EXERCISE AIM:
All of the data, except its images, should be set down exactly as it appears.

SUPPLIED INFORMATION:

>>>

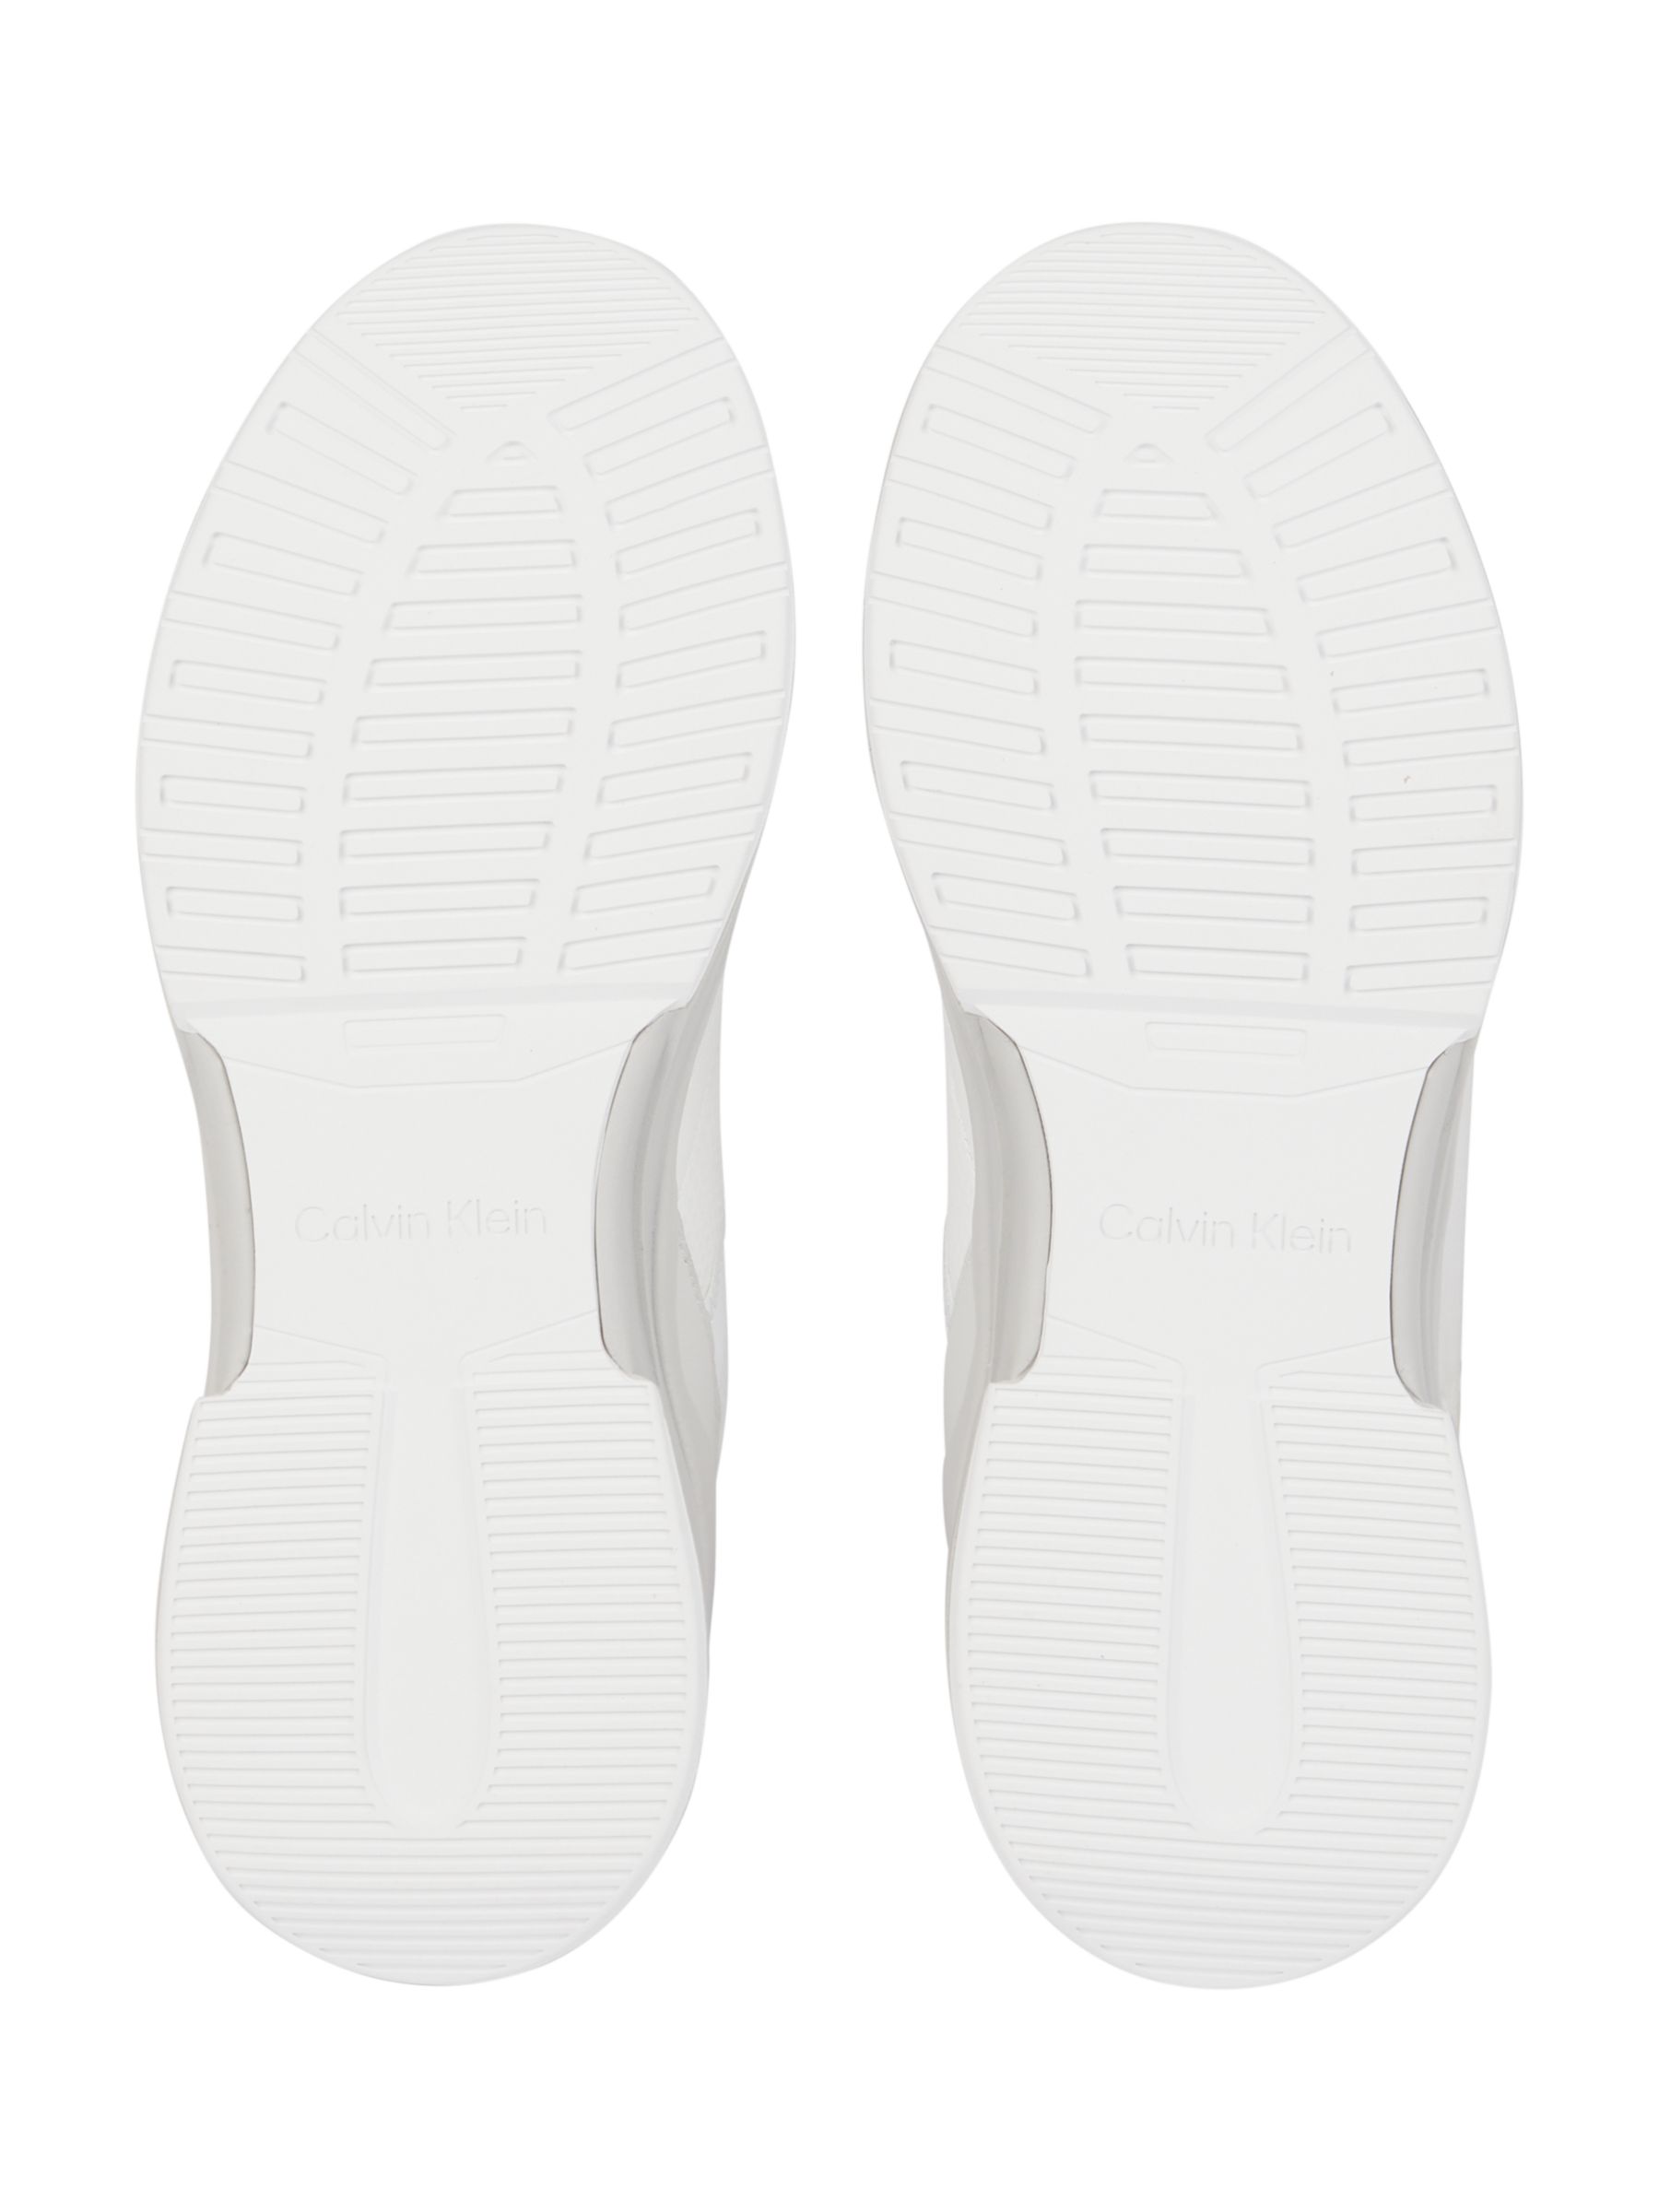 Buy Calvin Klein Leather Low Top Chunky Heel Trainers, White/Light Grey Online at johnlewis.com
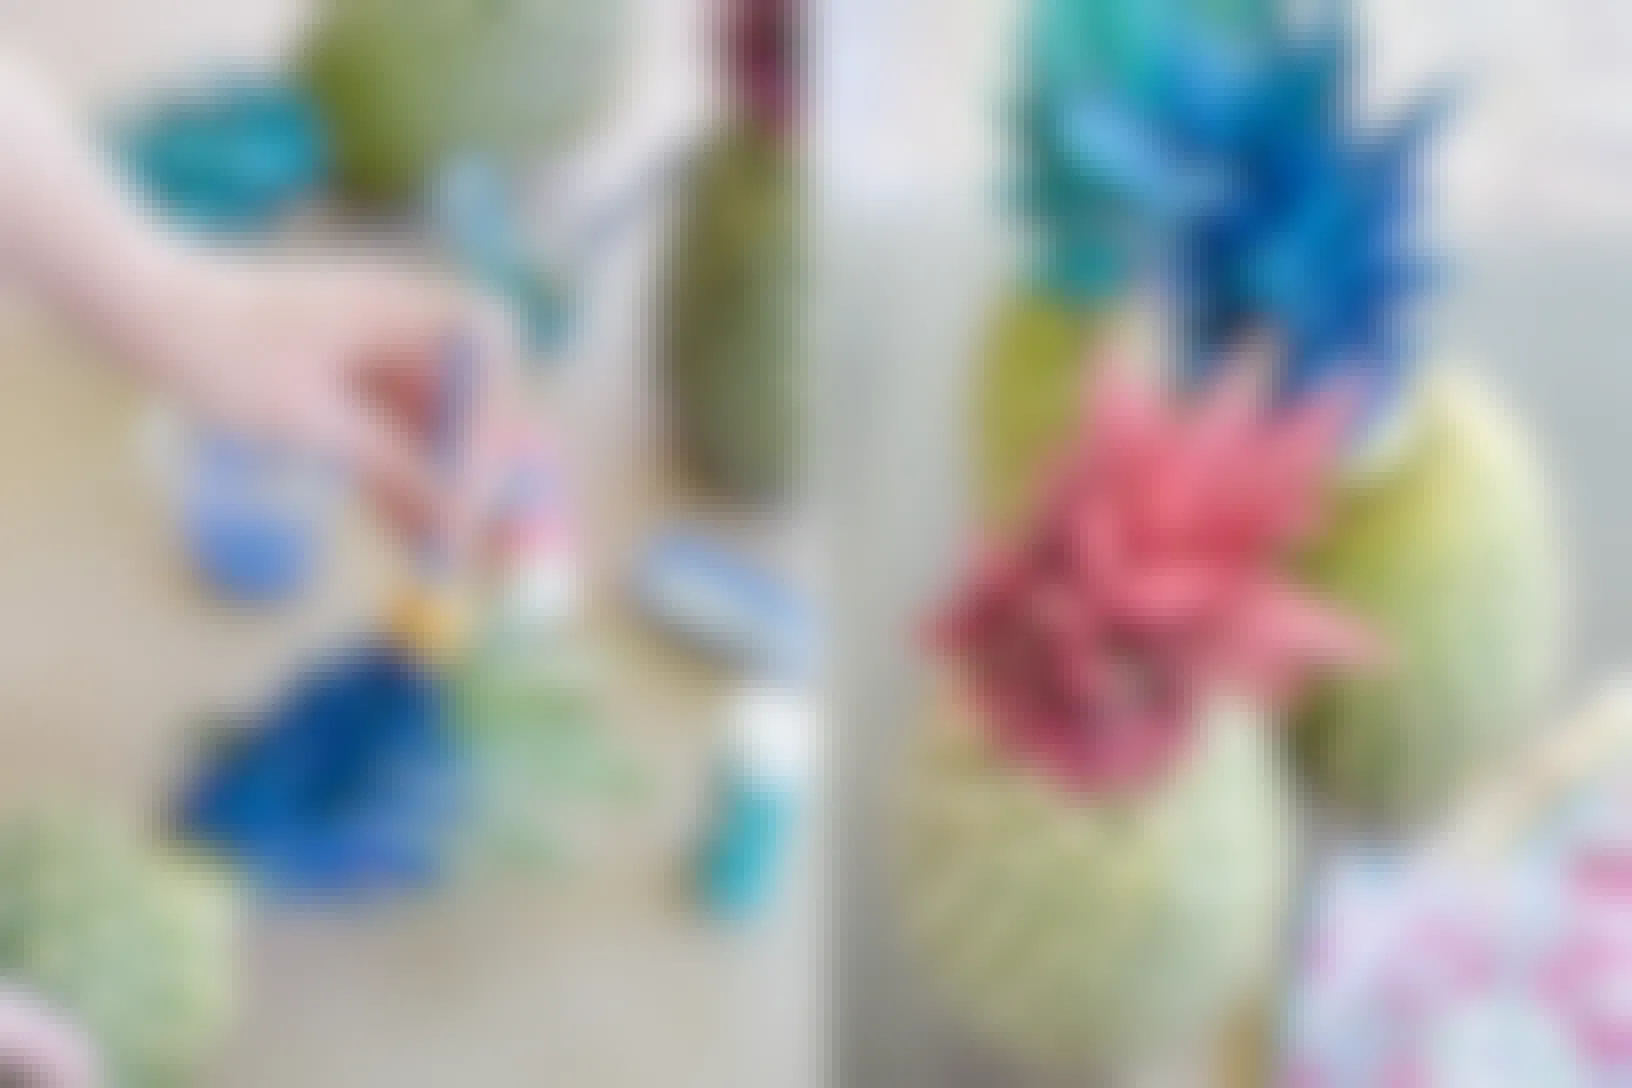 A person using acrylic paint to paint pineapple crowns next to some pineapples that have been painted pink and blue.
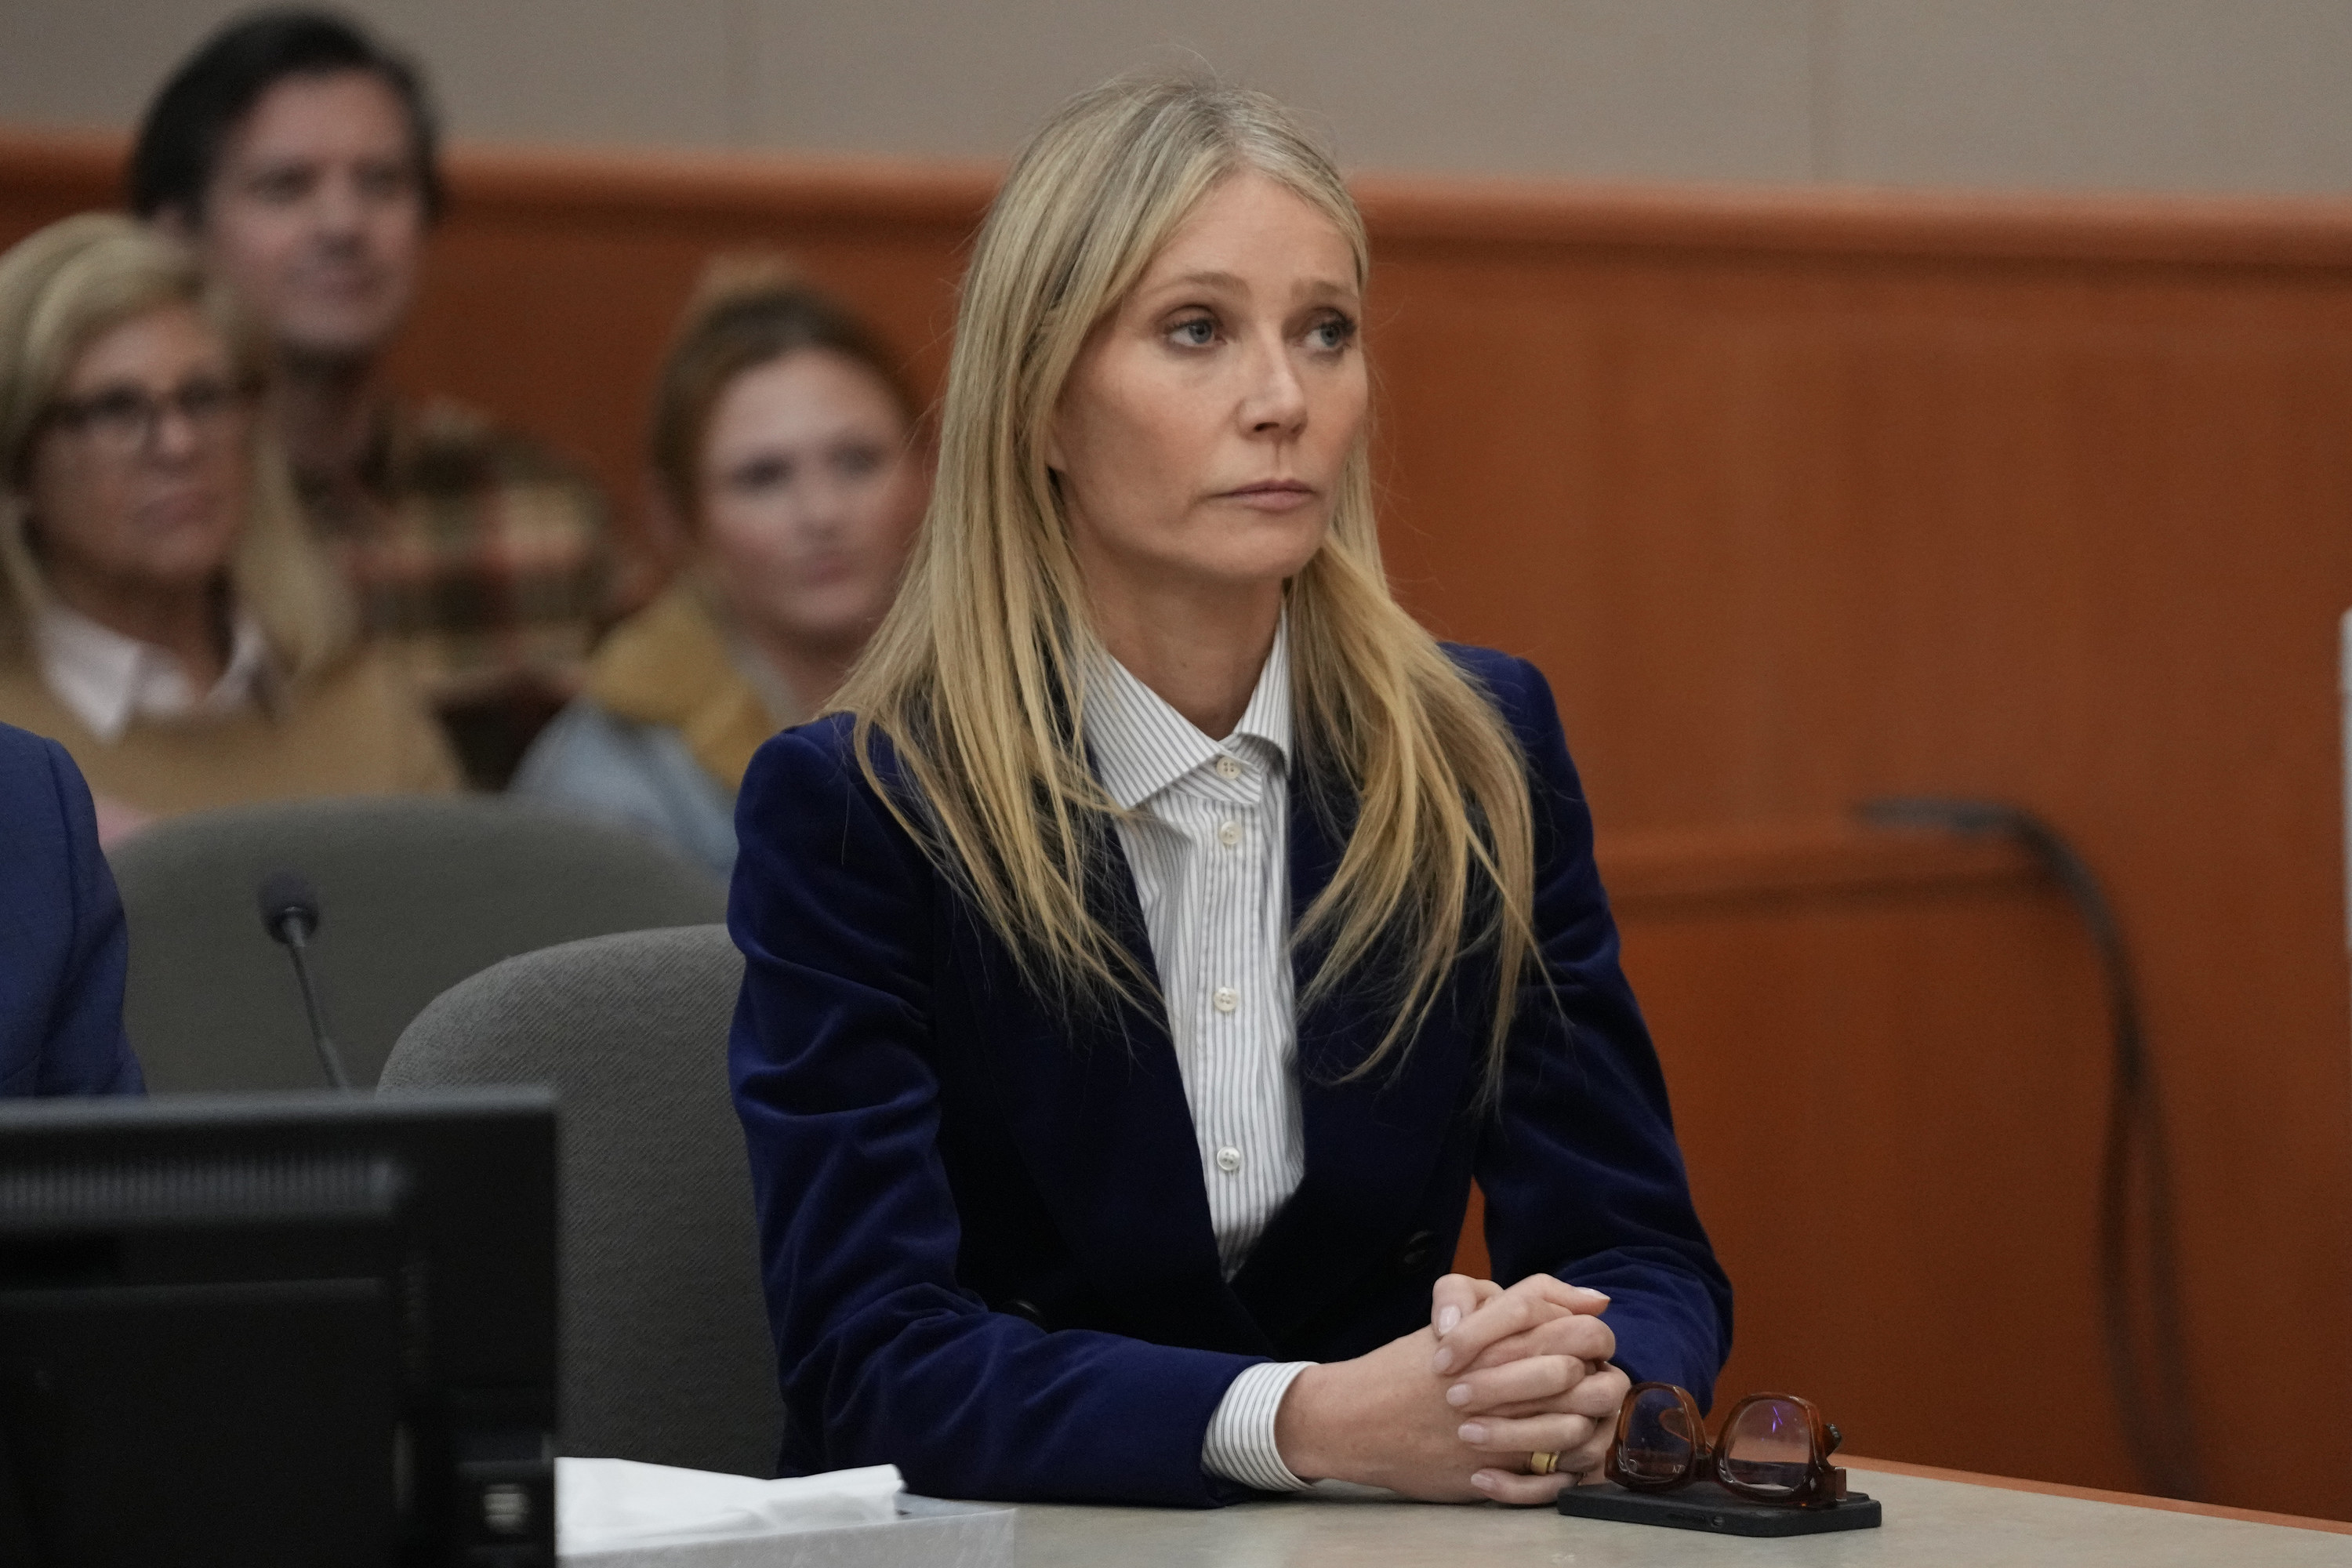 Gwyneth Paltrow, wearing a suit, sitting at the front of a courtroom looking somber

<<<

SOLUTION FOR THIS TASK:
 Buy Calvin Klein Leather Low Top Chunky Heel Trainers, White/Light Grey Online at johnlewis.com
 A person using acrylic paint to paint pineapple crowns next to some pineapples that have been painted pink and blue.
 Gwyneth Paltrow, wearing a suit, sitting at the front of a courtroom looking somber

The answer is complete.